Shap-Select: Lightweight Feature Selection Using SHAP Values and Regression

Egor Kraev,Baran Koseoglu,Luca Traverso,Mohammed Topiwalla
2024-10-09
Abstract:Feature selection is an essential process in machine learning, especially when dealing with high-dimensional datasets. It helps reduce the complexity of machine learning models, improve performance, mitigate overfitting, and decrease computation time. This paper presents a novel feature selection framework, shap-select. The framework conducts a linear or logistic regression of the target on the Shapley values of the features, on the validation set, and uses the signs and significance levels of the regression coefficients to implement an efficient heuristic for feature selection in tabular regression and classification tasks. We evaluate shap-select on the Kaggle credit card fraud dataset, demonstrating its effectiveness compared to established methods such as Recursive Feature Elimination (RFE), HISEL (a mutual information-based feature selection method), Boruta and a simpler Shapley value-based method. Our findings show that shap-select combines interpretability, computational efficiency, and performance, offering a robust solution for feature selection.
Machine Learning
What problem does this paper attempt to address?

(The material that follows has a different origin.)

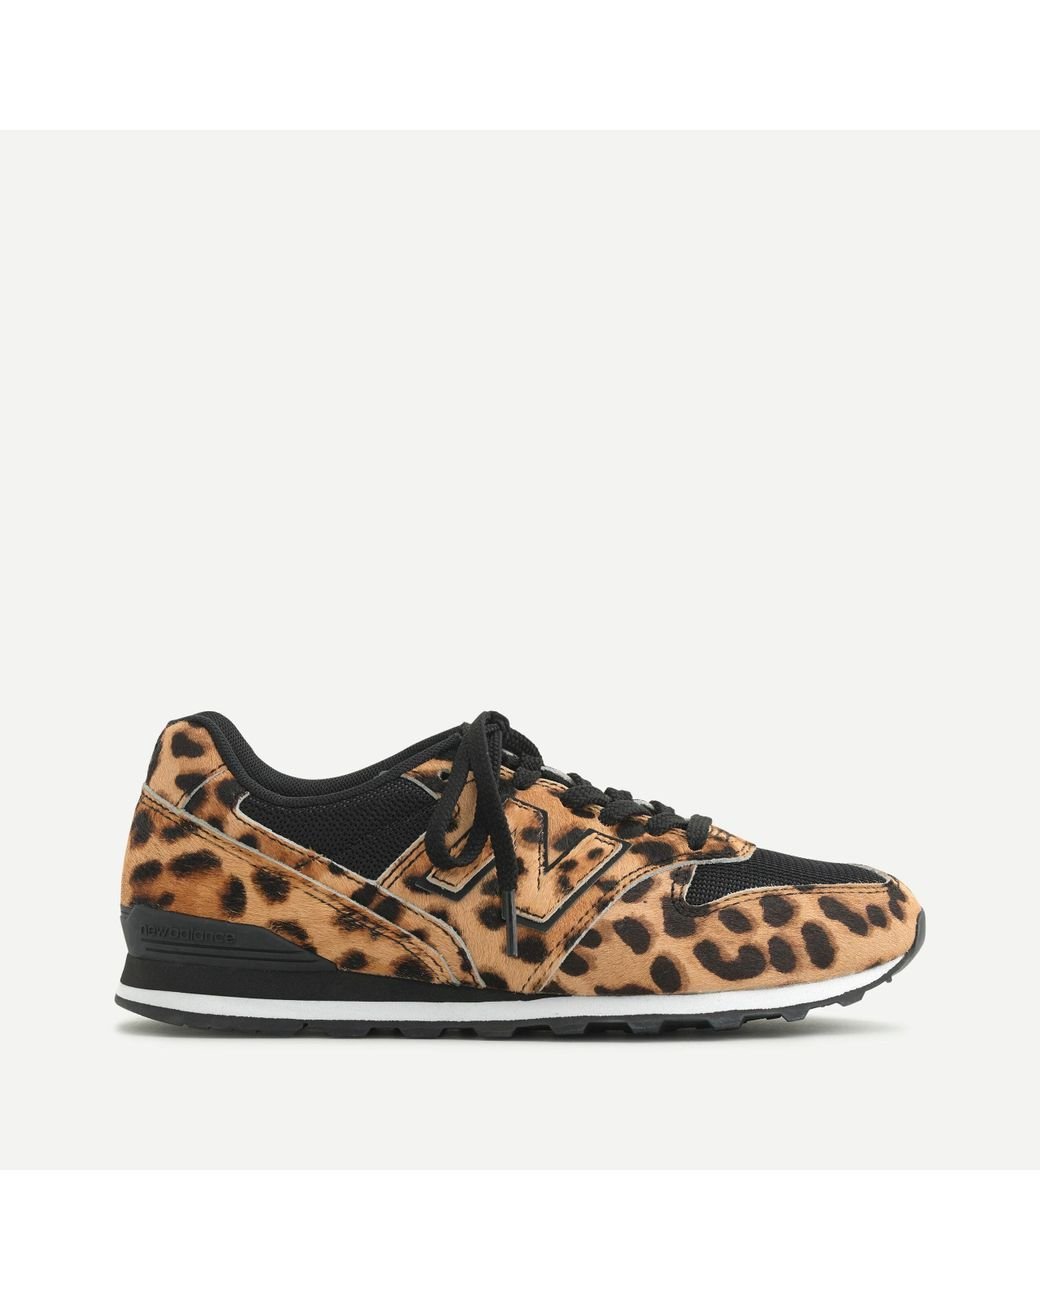 j crew leopard sneakers

The paper attempts to address the problem of effective feature selection in high-dimensional datasets. Specifically, the authors propose a new feature selection framework called shap-select, which combines SHAP values (Shapley Additive Explanations) and statistical significance testing. The aim is to improve the efficiency, interpretability, and performance of feature selection. The paper mentions that existing feature selection methods face issues such as high computational complexity, potential noise introduction, and overfitting when dealing with high-dimensional datasets. These issues are particularly prominent in fields like healthcare, finance, and bioinformatics. Shap-select addresses these problems by performing linear or logistic regression on the SHAP values of the target variable and features on a validation set, and efficiently filtering features based on the sign and significance level of the regression coefficients. To validate the effectiveness of shap-select, the authors conducted experiments on the Kaggle credit card fraud detection dataset, comparing shap-select with existing methods such as Recursive Feature Elimination (RFE), HISEL (a mutual information-based feature selection method), and Boruta. The experimental results show that shap-select maintains high model performance while having lower computational costs, effectively reducing the number of features and improving the interpretability and predictive performance of the model.